オスの生殖細胞では、減数分裂のあいだに働くさまざまな修復経路がゲノムを守っています。メスの卵母細胞では、二本鎖切断を含むDNA損傷の効率的な修復が、将来受け渡されるかもしれない遺伝情報を保護しています。これらが組み合わさることで、遺伝情報が子に受け継がれる前に傷を減らし、子孫の健康を支える土台がつくられているのです。

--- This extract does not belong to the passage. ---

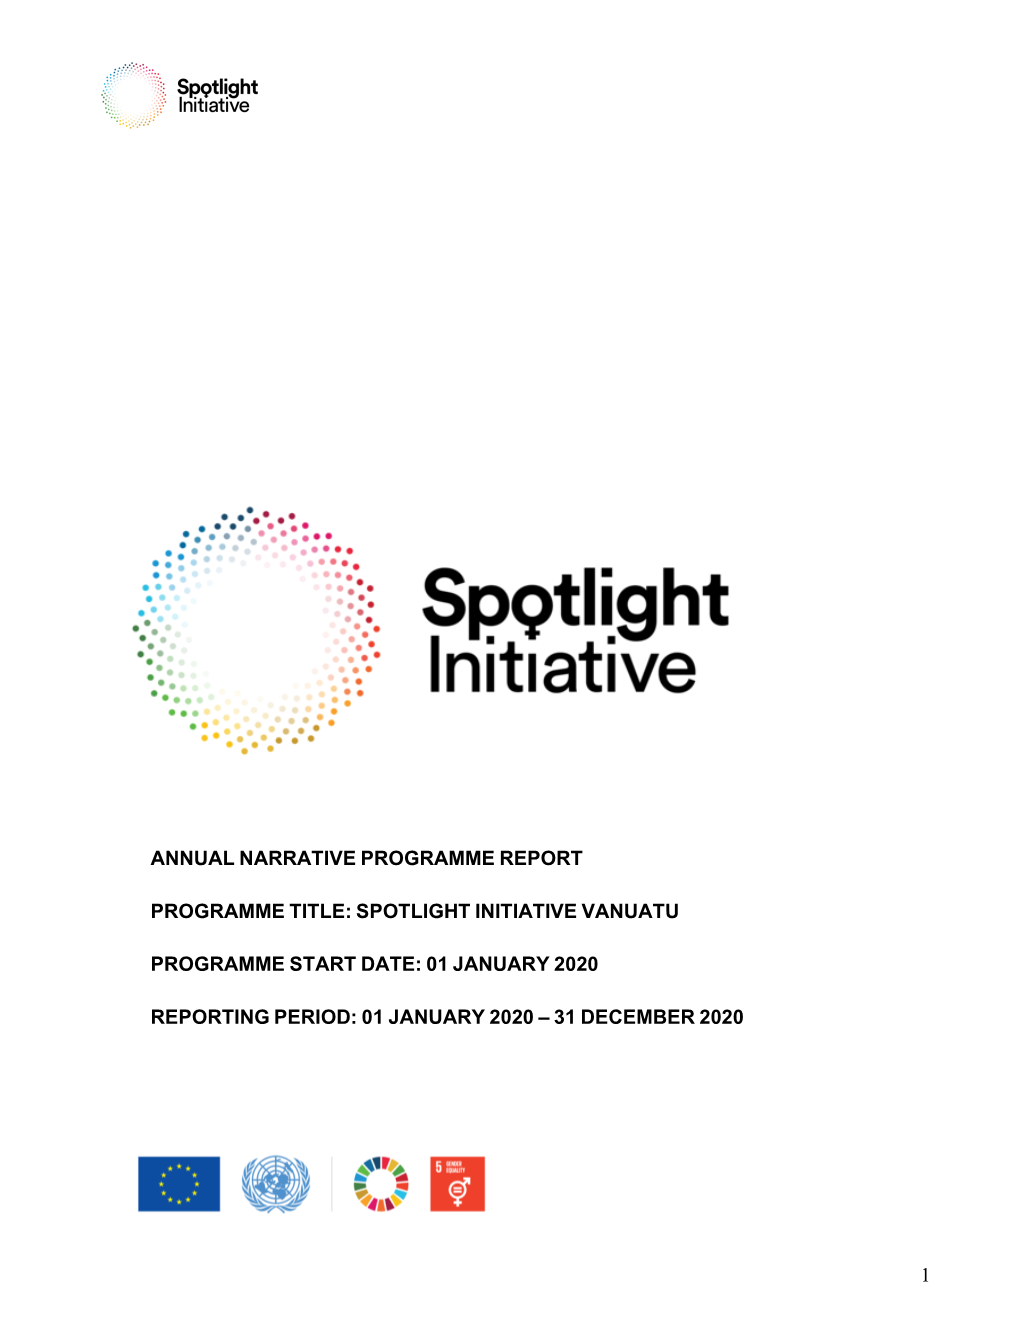 Spotlight Initiative Vanuatu Programme Start Date

このように、配偶子形成は生物学における「舞台裏の主役」と言ってよい重要なプロセスです。新しい個体の未来は、受精の瞬間だけでなく、そのはるか前のDNAのていねいな維持から始まっています。

生殖=「遺伝」と「メンテナンス」

生物界全体を見渡すと、生殖様式は大きく分けて「無性生殖」と「有性生殖」の2つがあります。無性生殖では、他の個体からの遺伝情報の提供を受けず、親と同一か、非常に近い遺伝的特徴をもつ子が生まれます。有性生殖では、2個体の遺伝情報が組み合わされます。

どちらの方法でも子孫は生まれますが、とりわけ有性生殖は、遺伝子の組み合わせを変える役割と、その細胞レベルの過程で重要なDNA修復を可能にしている点で特徴的です。哺乳類では、精子や卵子が形成されるまさにその段階で、このことがとてもはっきりと見て取れます。

そのため、生殖について考えるときには、「卵子と精子と受精」というおなじみの物語だけでなく、その奥で起きていることにも目を向ける価値があります。精巣や卵巣の奥深くで、細胞たちは次の世代を形づくるゲノムを守るという、同じくらい重要な仕事に取り組んでいるのです。

つまり、生殖は命をつくり出すためのしくみであると同時に、命が頼りにしている「遺伝情報の質」を維持するしくみでもあるのです。